C++ Turning Character types into int type

So I read and was taught that subtracting '0' from my given character turns it into an int, however my Visual Studio isn't recognizing that here, saying a value of type "const char*" cannot be used to initialize an entity of type int in C++ programming here.
bigint::bigint(const char* number) : bigint() {
int number1 = number - '0'; // error code
for (int i = 0; number1 != 0 ; ++i)
{
digits[i] = number1 % 10;
number1 /= 10;
digits[i] = number1;
}
}
The goal of the first half is to simply turn the given number into a type int. The second half is outputting that number backwards with no leading zeroes. Please note this function is apart of the class declared given in a header file here:
class bigint {
public:
static const int MAX_DIGITS = 50;
private:
int digits[MAX_DIGITS];
public:
// constructors
bigint();
bigint(int number);
bigint(const char * number);
}
Is there any way to convert the char parameter to an int so I can then output an int? Without using the std library or strlen, since I know there is a way to use the '0' char but I can't seem to be doing it right.
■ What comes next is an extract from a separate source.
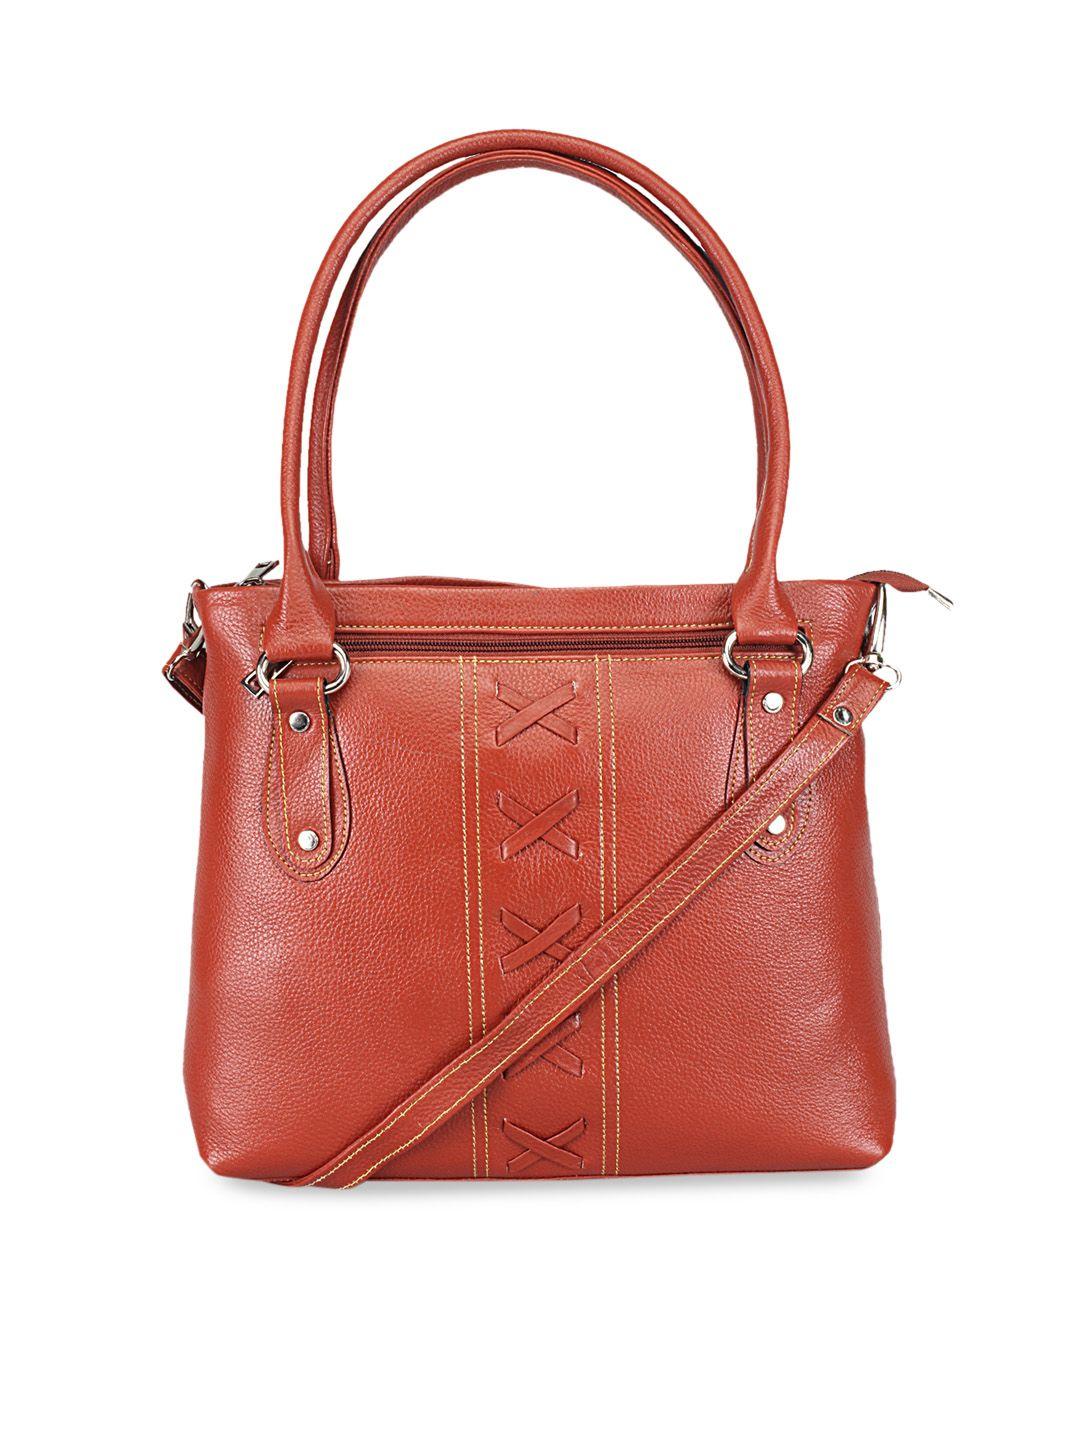 genwayne brown solid leather handheld bag

You can turn a single character in the range '0'..'9' into a single digit 0..9 by subtracting '0', but you cannot turn a string of characters into a number by subtracting '0'. You need a parsing function like std::stoi() to do the conversion work character-by-character.
But that's not what you need here. If you convert the string to a number, you then have to take the number apart. The string is already in pieces, so:
bigint::bigint(const char* number) : bigint() {
while (number) // keep looping until we hit the string's null terminator
{
digits[i] = number - '0'; // store the digit for the current character
number++; // advance the string to the next character
}
}
There could be some extra work involved in a more advanced version, such as sizing digits appropriately to fit the number of digits in number. Currently we have no way to know how many slots are actually in use in digits, and this will lead to problems later when the program has to figure out where to stop reading digits.
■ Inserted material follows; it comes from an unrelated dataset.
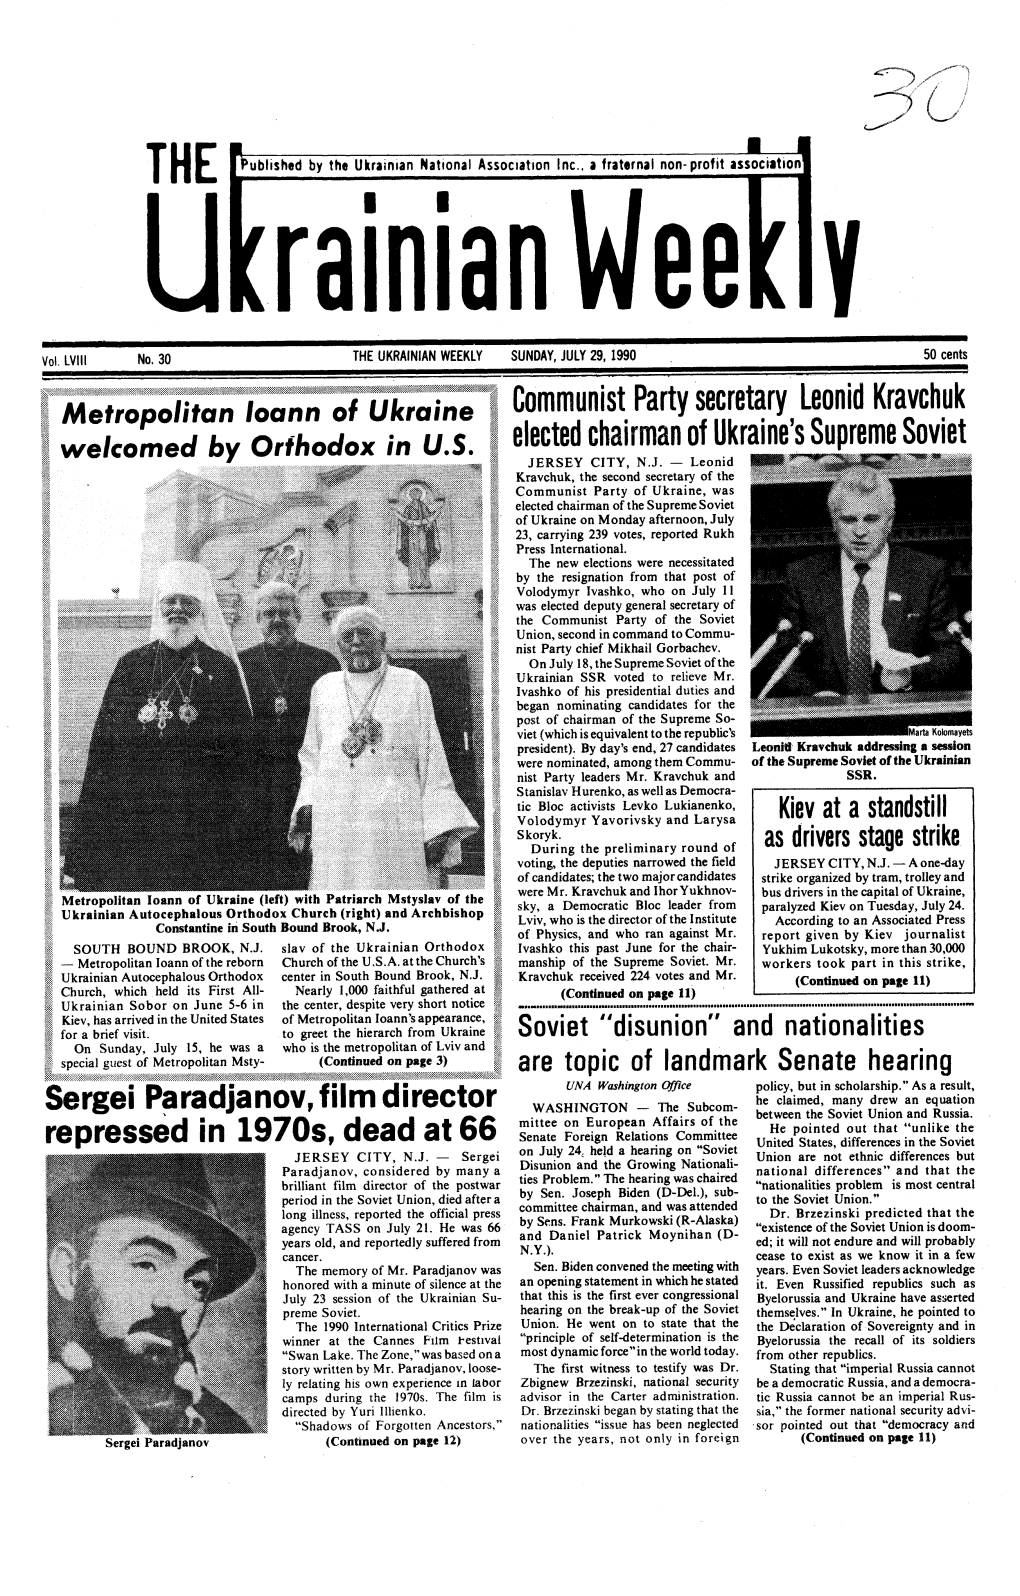 The Ukrainian Weekly 1990

I don't know what your understanding is, so I will go over everything I see in the code snippet.
First, what you're passing to the function is a pointer to a char, with const keyword making the char immutable or "read only" if you prefer.
A char is actually a 8-bit sized 1 integer. It can store a numerical value in binary form, which can be also interpreted as a character.
Fundamental types - cppreference.com
Standard also expects char to be a "type for character representation". It could be represented in ASCII code, but it could be something else like EBCDIC maybe, I'm not sure. For future reference just remember that ASCII is not guaranteed, although you're likely to never use a system where it's no ASCII (if I'm correct). But it's not so much that char is somehow enforcing encoding - it's the functions that you pass those chars and char pointers to, that interpret their content as characters in ASCII encoding, while on some obscure or legacy platforms they could actually interpret them as characters in some less common encoding. Standard however demands that encoding used has this property: codes for characters '0' to '9' are subsequent, and thus '9' - '0' means: subtract code of '0' from code of '9'. The result is 9, because code for '9' is 9 positions from code for '0' in ASCII. Ranges 'a'-'z' and 'A'-'Z' have this quality as well, in case you need that, but it's a little bit trickier if your input is in base higher than 10, like a popular base of 16 called hexadecimal.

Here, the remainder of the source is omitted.